The entire idea of stretching VLANs between data centers is about virtual machine mobility. You can do a failover between sites and don’t have to make adjustments to your applications (IP address changes and IP references). Most of the time VLAN stretching comes from the business RTO requirement and the fact that most (traditional) applications can’t execute a failover on the application layer, without changing their make-up.

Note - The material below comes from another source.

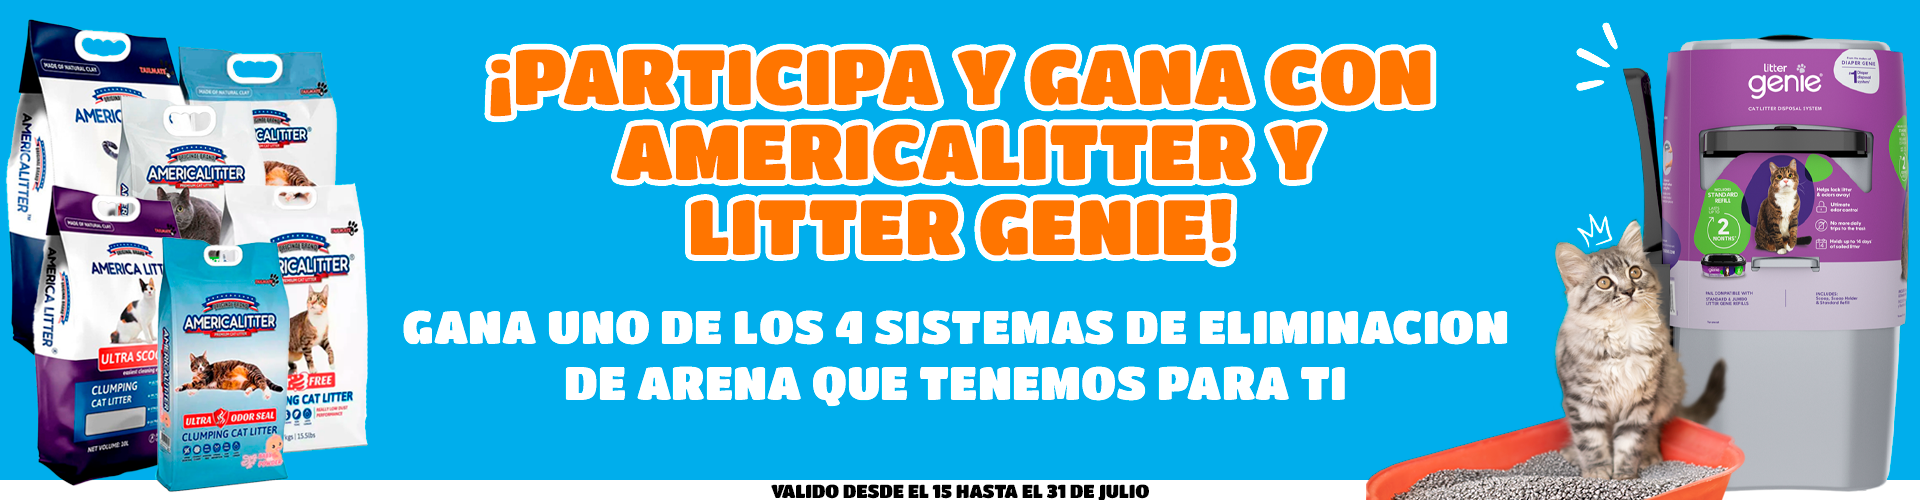 Banner_America_Litter_Concurso (2)

With Network Virtualization (or network overlays in general), we can finally put an end to this. I’m a practical person, so I’m going to lay out an example using VMware NSX and a stretched vSphere cluster in the rest of this article (as that introduces some challenges). Of course you can use just VXLAN and solve it with manual configuration, but why take the hard way when you can take the NSX way. 😉

Stretching the Application Networks

Using VXLAN (link), you create a virtual (a.k.a. in software) network overlay on top of your physical network. The best part of the VXLAN technology, is that it can formulate layer-2 networks on top of a layer-3 networks. The applications think they are on a layer-2 network, but the real traffic being sent is going between ESXi hosts on a layer-3 basis.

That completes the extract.